Chainalysis reports that the Lazarus Group replicated the above steps with large portions of the Ronin Bridge hack. Chainalysis further supplies us with a chart to visualize the above:
However, the U.S. Treasury’s Office of Foreign Assets Control (OFAC) recently sanctioned Tornado Cash for its role in laundering over $455 million worth of cryptocurrency stolen from Axie Infinity. Since then, Lazarus Group has moved away from the popular Ethereum mixer, instead leveraging DeFi services to chain hop, or switch between several different kinds of cryptocurrencies in a single transaction. Bridges serve an important function to move digital assets between chains and most usage of these platforms is completely legitimate. Lazarus appears to be using bridges in an attempt to obscure source of funds. With Chainalysis tools these cross chain funds movements are easily traced.
[Id].
The Chainalysis blog ends with:
Cryptocurrency’s transparency is instrumental to investigating hacks like the one suffered by Axie Infinity. Investigators with the right tools can follow the money to understand and disrupt a cybercrime organization’s laundering activities [...] [T]hese seizures would not have been possible without collaboration across the public and private sectors. Much of the funds stolen from Axie Infinity remain unspent in cryptocurrency wallets under the hackers’ control. We look forward to continuing to work with the cryptocurrency ecosystem to prevent them and other illicit actors from cashing out their funds.
[Id].
"The director of investigations says that the rapid growth in money theft from DeFi protocols, especially cross-chain bridges, is one of the most alarming developments in cryptocurrency crime at the moment" [Jyothsna. U.S Authorities Recovered the Hacked Cryptocurrency?. (Accessed September 9, 2022)].

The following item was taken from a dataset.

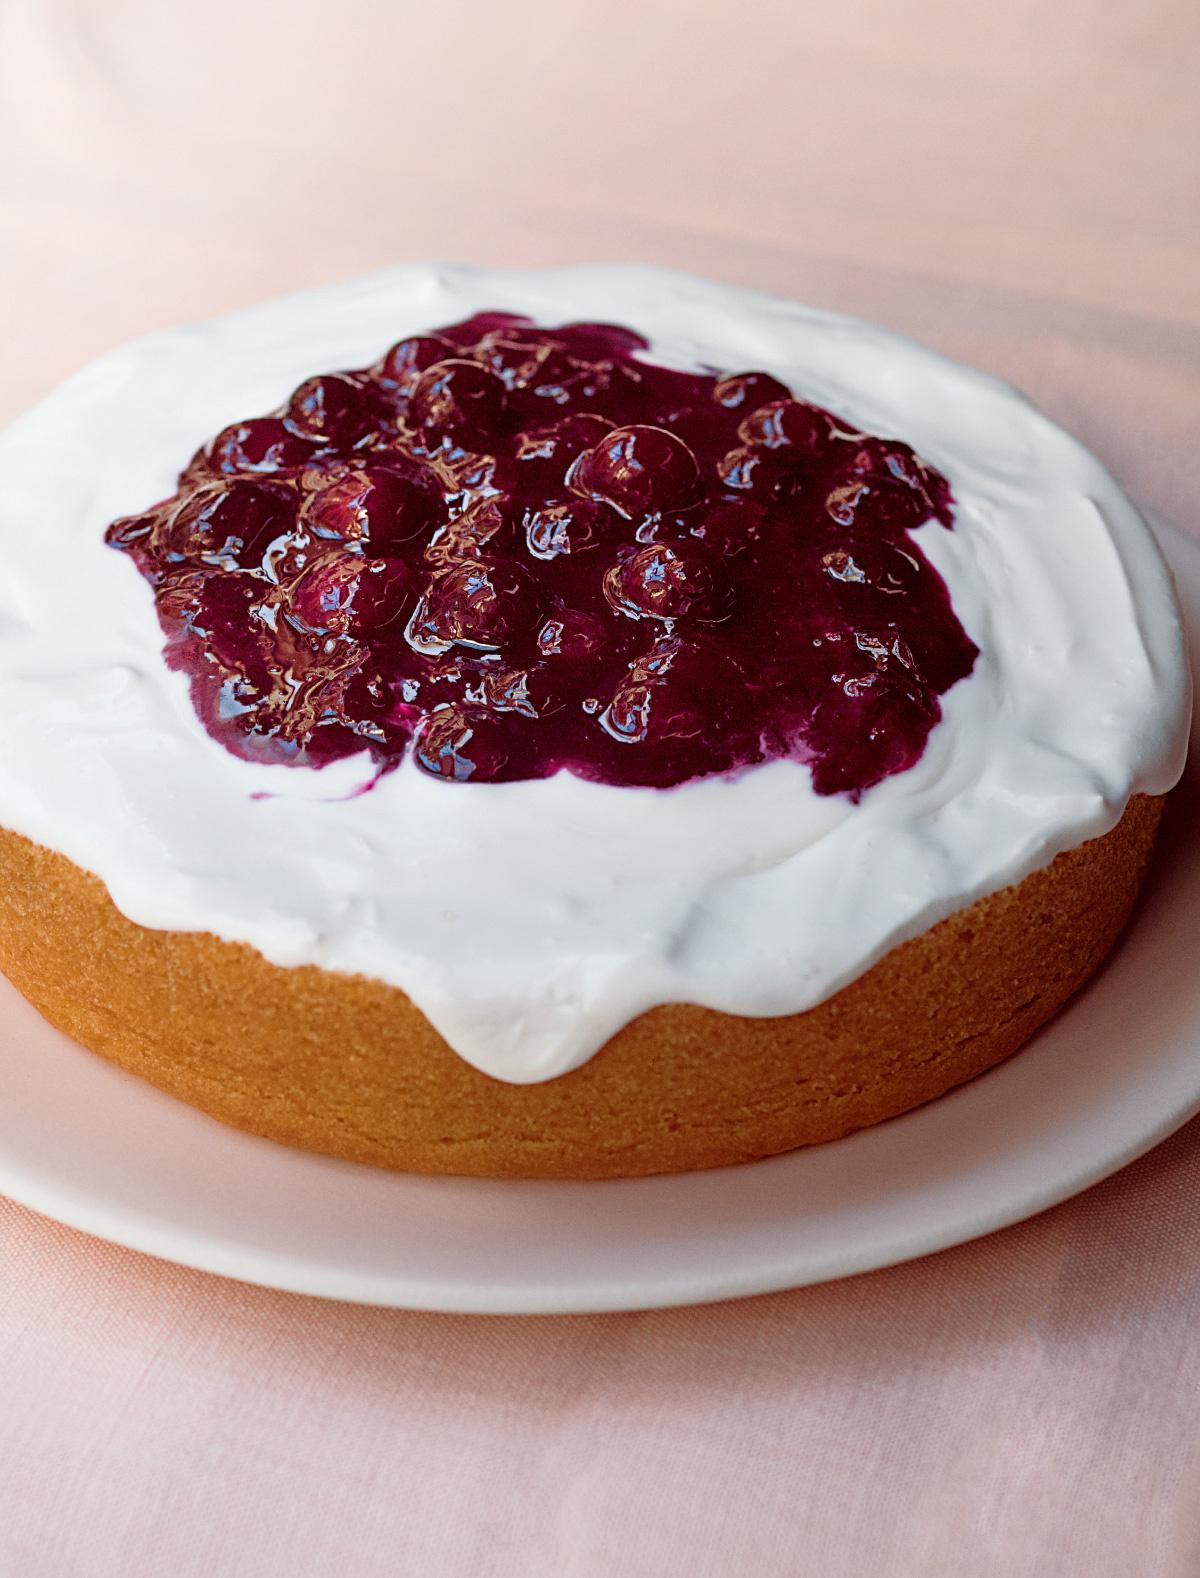 Lemon Tender Cake With Blueberry Compote Vegan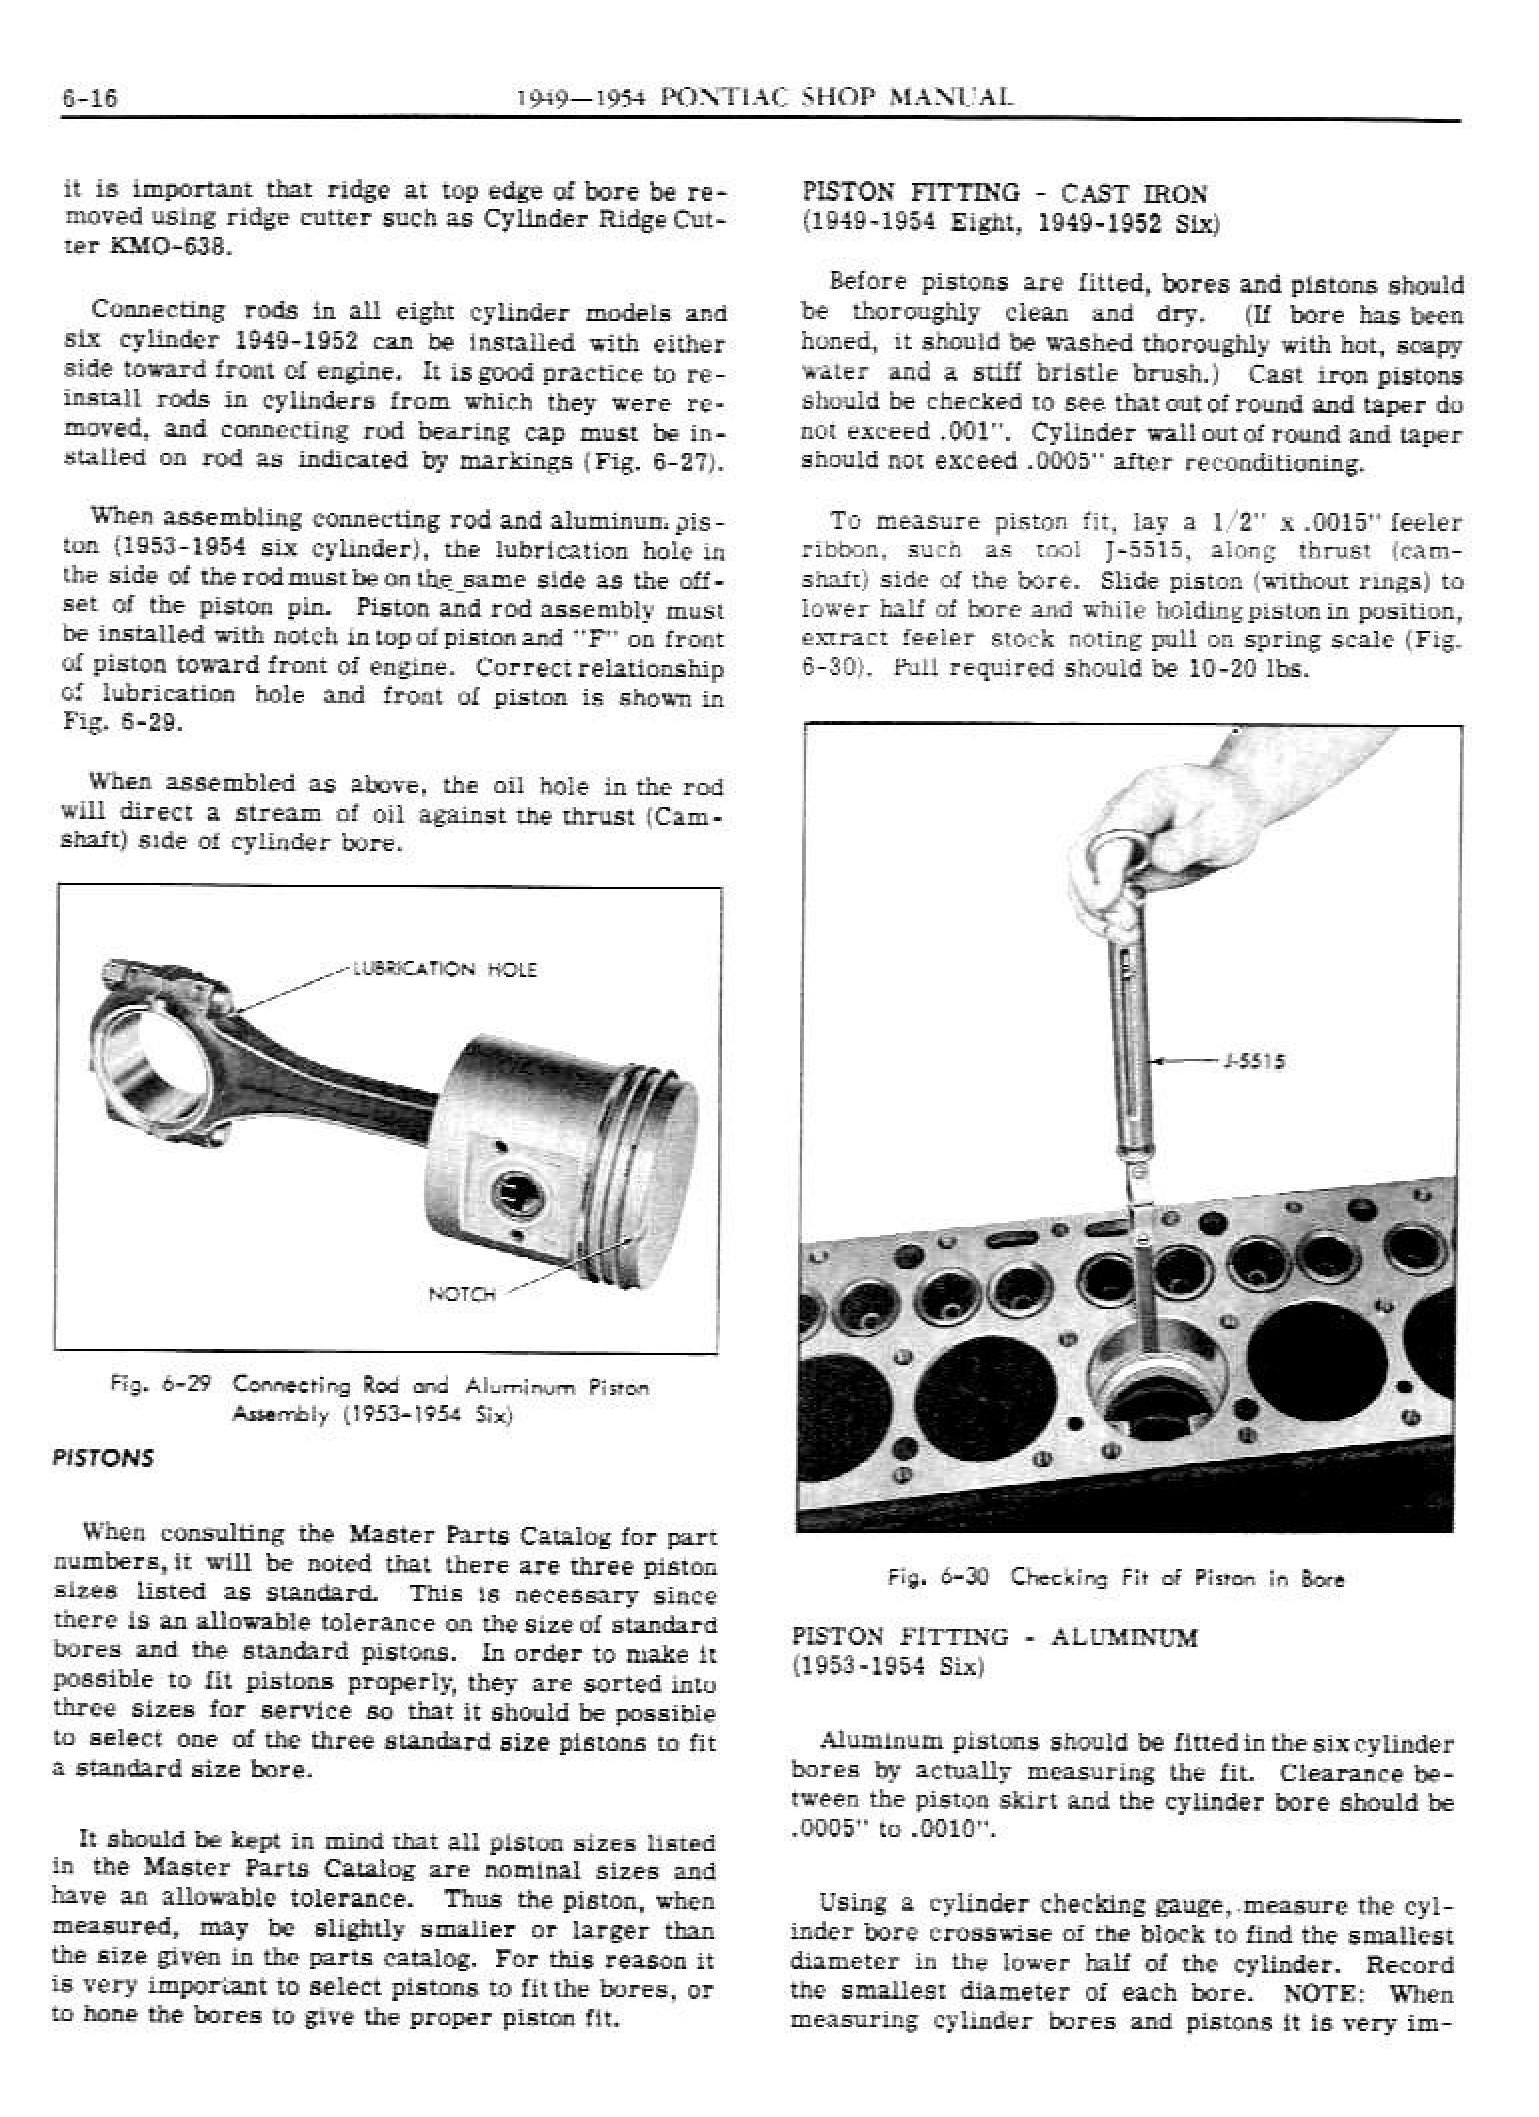 1949 Pontiac Shop Manual- Engine Mechanical Page 16 of 26

"It is also estimated that North Korean criminal groups have so far taken off with $1 billion of cryptocurrency from DeFi protocols in 2022 alone. North Korea’s Lazarus Group has long resorted to illicit activities to gin up badly the needed cash. It gained popularity when it stole from Sony Pictures Entertainment and recently used Tornado Cash, which has been sanctioned by the US authorities" [Bahati, supra].